**Exercise:** Go through the entries below and print, exactly, the lines starting at the one with "Urad's natural leather" and ending at the one with "18K yellow gold", keeping both ends and no others.

**Records to process:**
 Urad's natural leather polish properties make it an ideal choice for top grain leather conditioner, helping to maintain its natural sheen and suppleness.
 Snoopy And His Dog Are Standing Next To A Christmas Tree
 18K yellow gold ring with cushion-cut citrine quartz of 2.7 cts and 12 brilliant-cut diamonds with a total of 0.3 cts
==
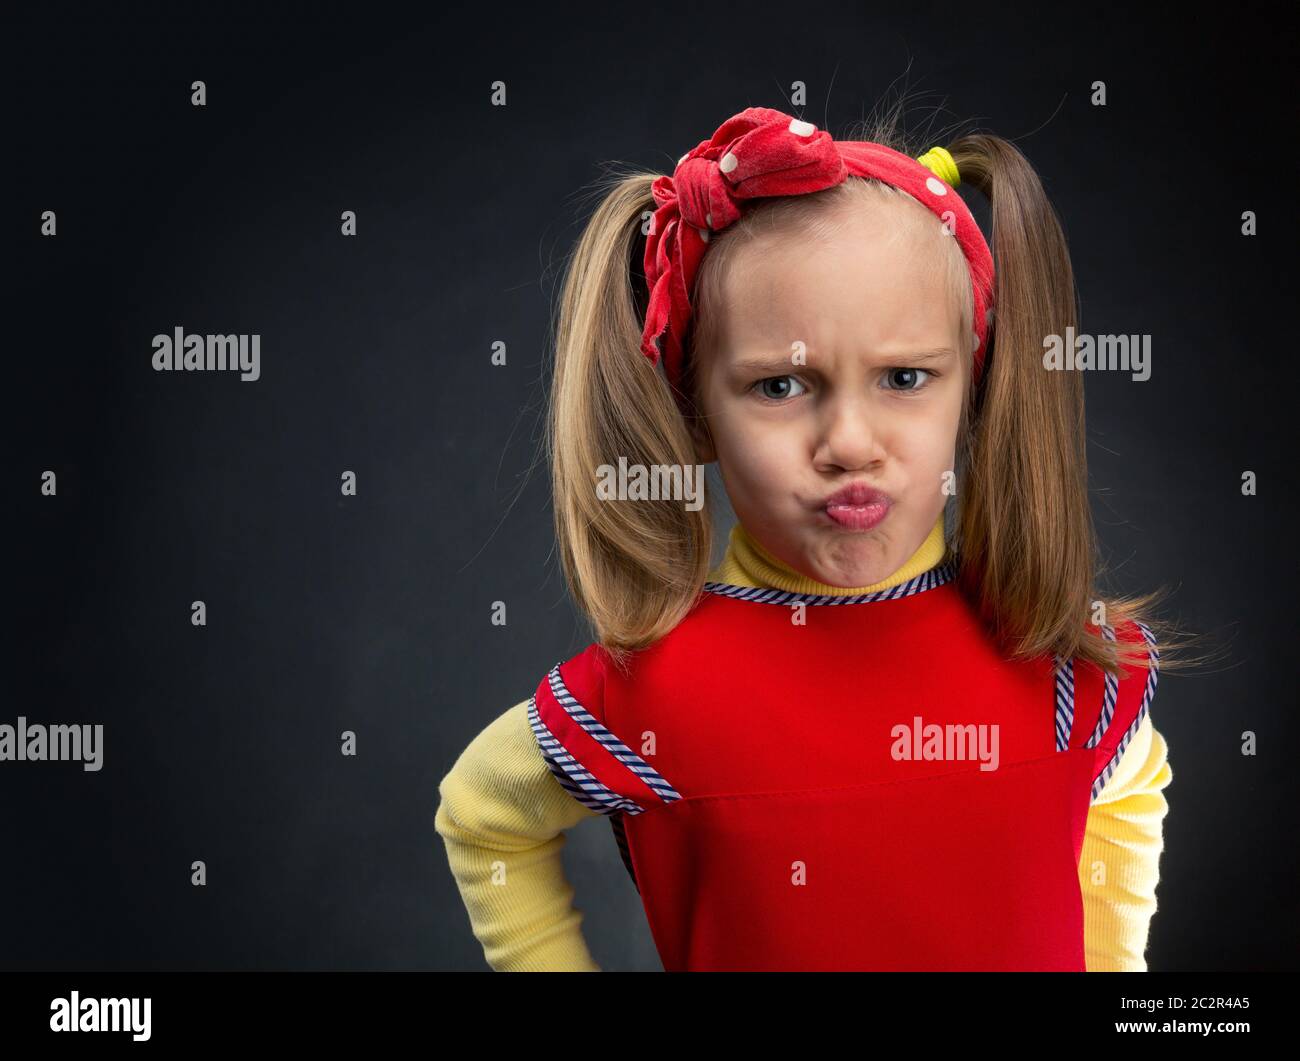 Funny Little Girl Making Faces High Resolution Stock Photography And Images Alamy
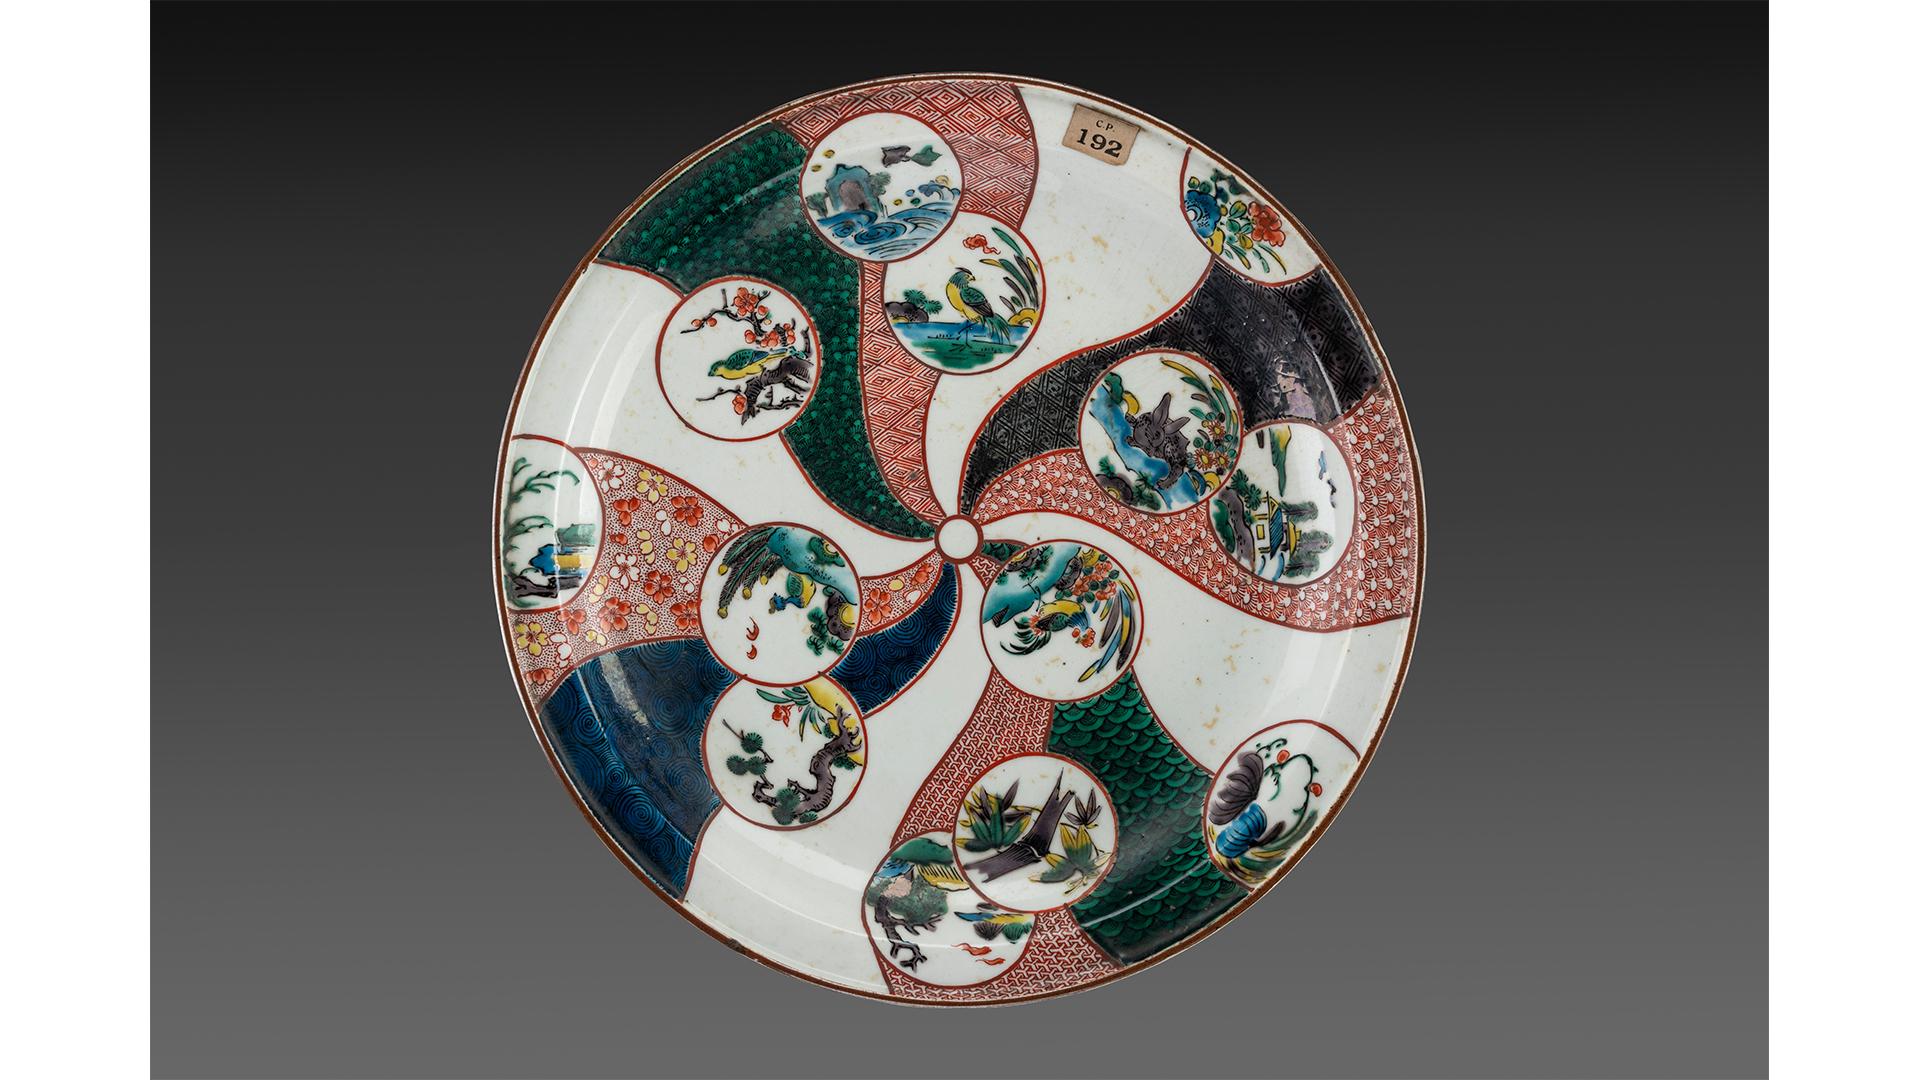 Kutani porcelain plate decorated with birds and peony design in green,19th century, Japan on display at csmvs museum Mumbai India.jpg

**Result for this task:**
 Urad's natural leather polish properties make it an ideal choice for top grain leather conditioner, helping to maintain its natural sheen and suppleness.
 Snoopy And His Dog Are Standing Next To A Christmas Tree
 18K yellow gold ring with cushion-cut citrine quartz of 2.7 cts and 12 brilliant-cut diamonds with a total of 0.3 cts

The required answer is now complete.